Билетная касса была закрыта, но записка возле окошка объявляла, что она откроется за час до прибытия теплохода. Я вернулся по сходням на берег и осмотрелся. Никого не было видно поблизости. Тогда я прошел немного дальше вдоль берега, где крутой обрыв приблизился к воде вплотную. Здесь не было дороги и даже тропинка едва обозначалась, захлестнутая высоким бурьяном. Пройдя по ней у самой воды метров двадцать, я свернул с нее чуть вверх по склону и там растянулся на спине среди высокой травы, чертополоха, репейника и крапивы.

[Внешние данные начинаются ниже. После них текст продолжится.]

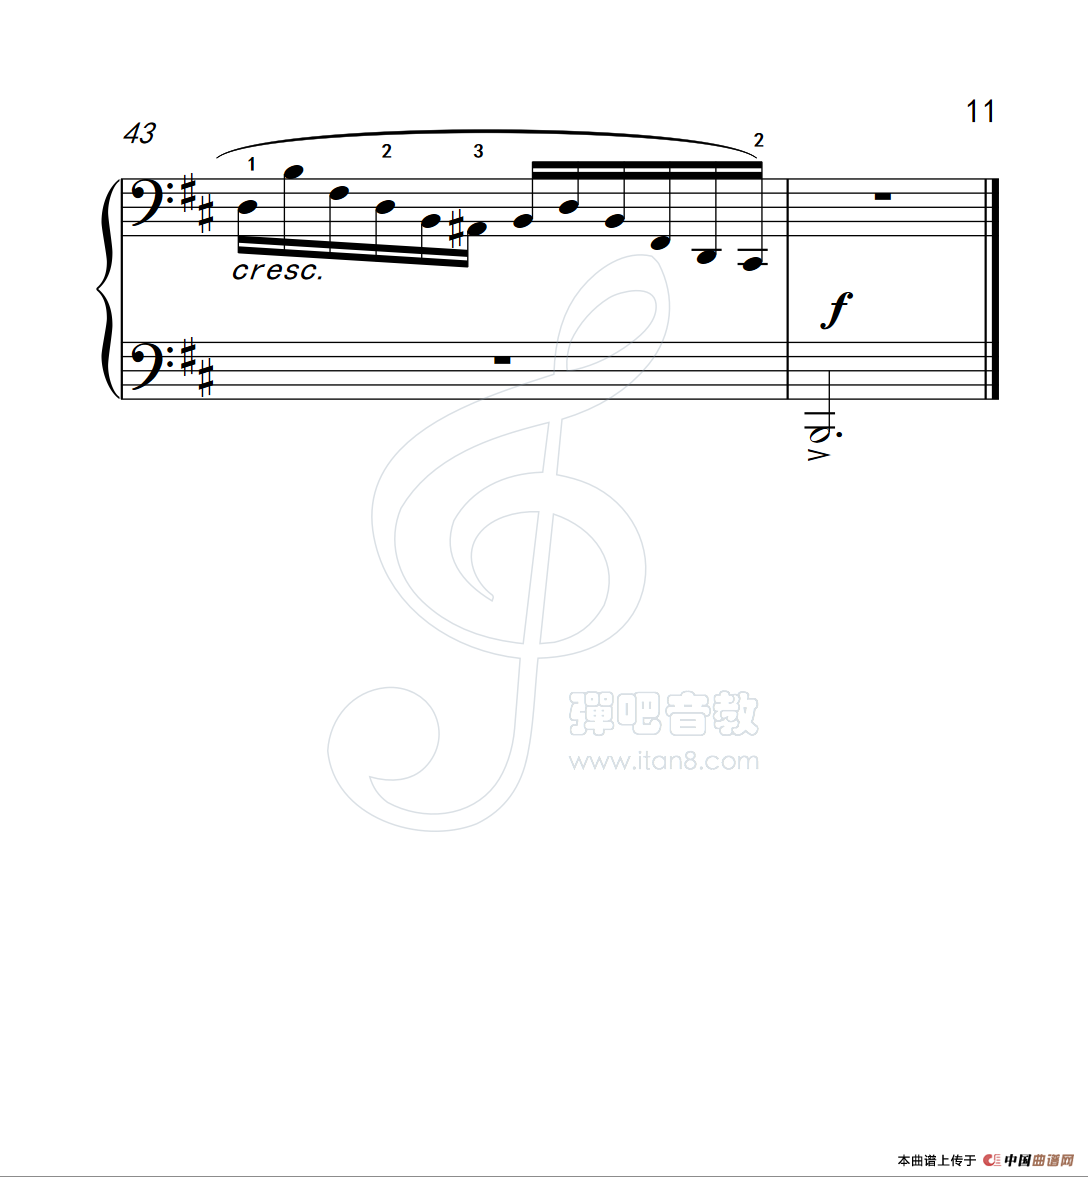 《练习曲 16》钢琴曲谱图分享

Никто не потревожил меня до самого вечера, и я порадовался тому, что у русских везде так много нетронутой земли. И тут же я понял, для кого они ее сберегли. Они сберегли ее для тех великих грешников, которые когда-то проникали в их страну с недобрыми намерениями и потом изгонялись вон. Для них приберегались эти бурьянистые закоулки, чтобы они, попав сюда еще раз под видом гостей, могли укрыться в них, пряча от русских людей свой горький стыд и раскаяние.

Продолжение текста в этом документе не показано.